Trimmer came today and I am pretty happy with how it went. 

She said his feet are not terrible but they're not fantastic either, before the grazing muzzle we should try the mag chloride (you make it into a liquid) if he doesn't seem to get better then a muzzle and we should look into boots for riding and working unless on grass then he should be okay but monitor. 

Bottom line we should monitor and make him as comfortable as possible but he should make a recovery. 

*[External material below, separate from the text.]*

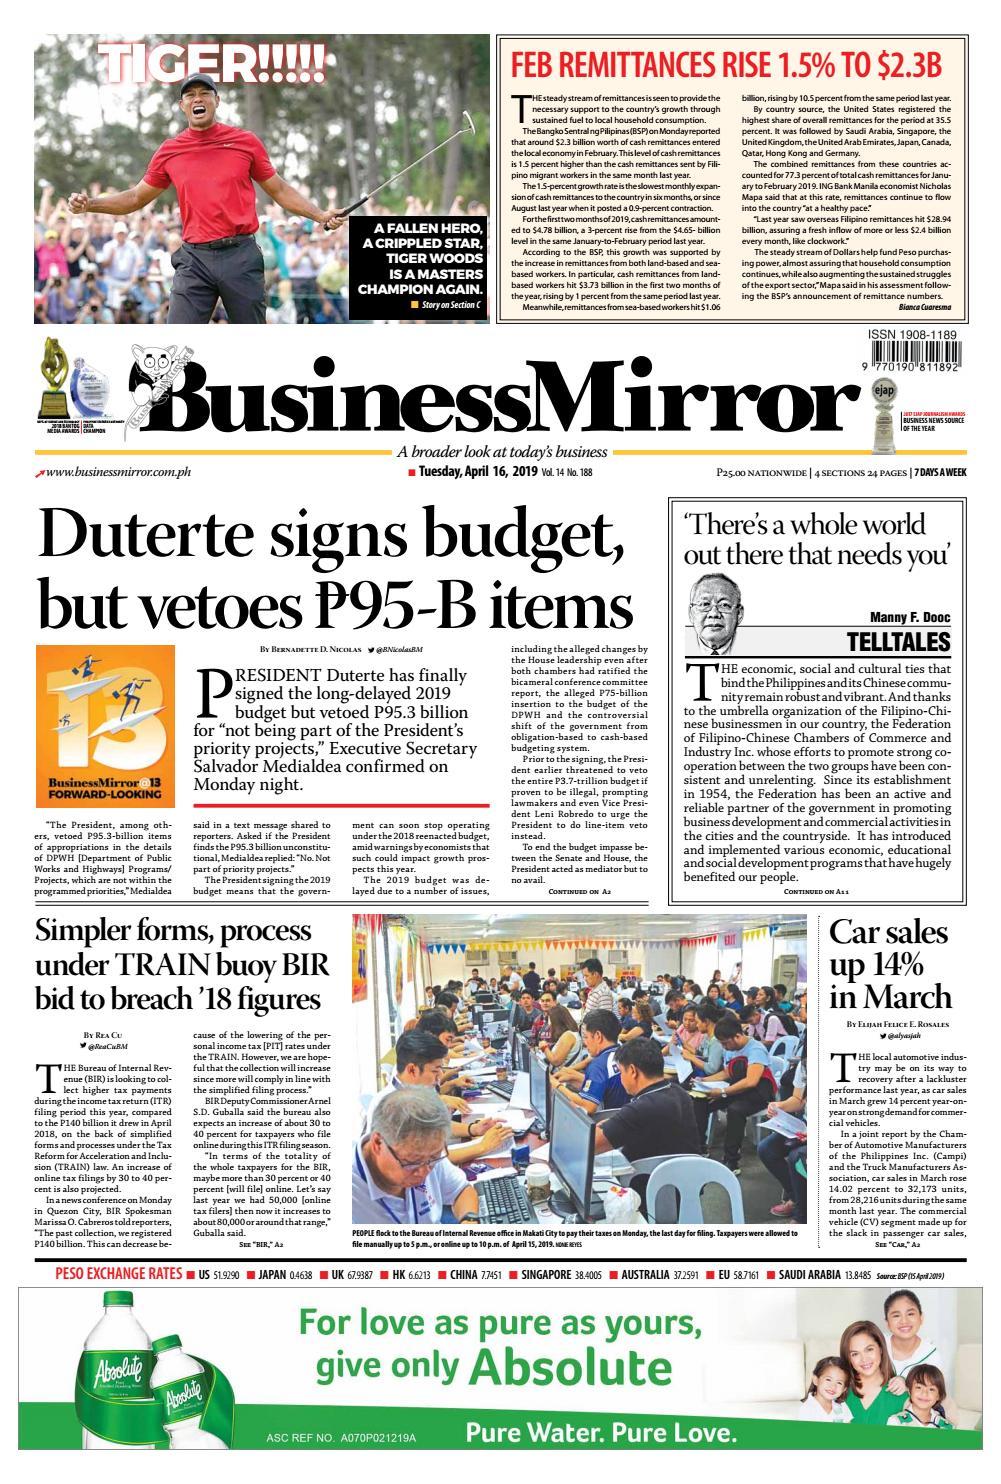 BusinessMirror April 16, 2019 by BusinessMirror - issuu

Took some photos from this trim hopefully it's alright.


----------



## evilamc

Hey good improvements!

So I had do google the chloride vs oxide lol! I've just ALWAYS heard to do oxide!
Magnesium Oxide or Magnesium Chloride for horses

Good read! I guess they are about the same its just they can be fed differently. Does say chloride isn't always as tasty though? So maybe try it and if he seems to turn his nose up at it...don't give up on magnesium all together try getting oxide in pellet form?


----------



## Skyseternalangel

Much better on the bottom


----------



## Rainaisabelle

I won't give up but I have a feeling he won't he eats everything I don't think he notices when I put something different in but we will see how we go.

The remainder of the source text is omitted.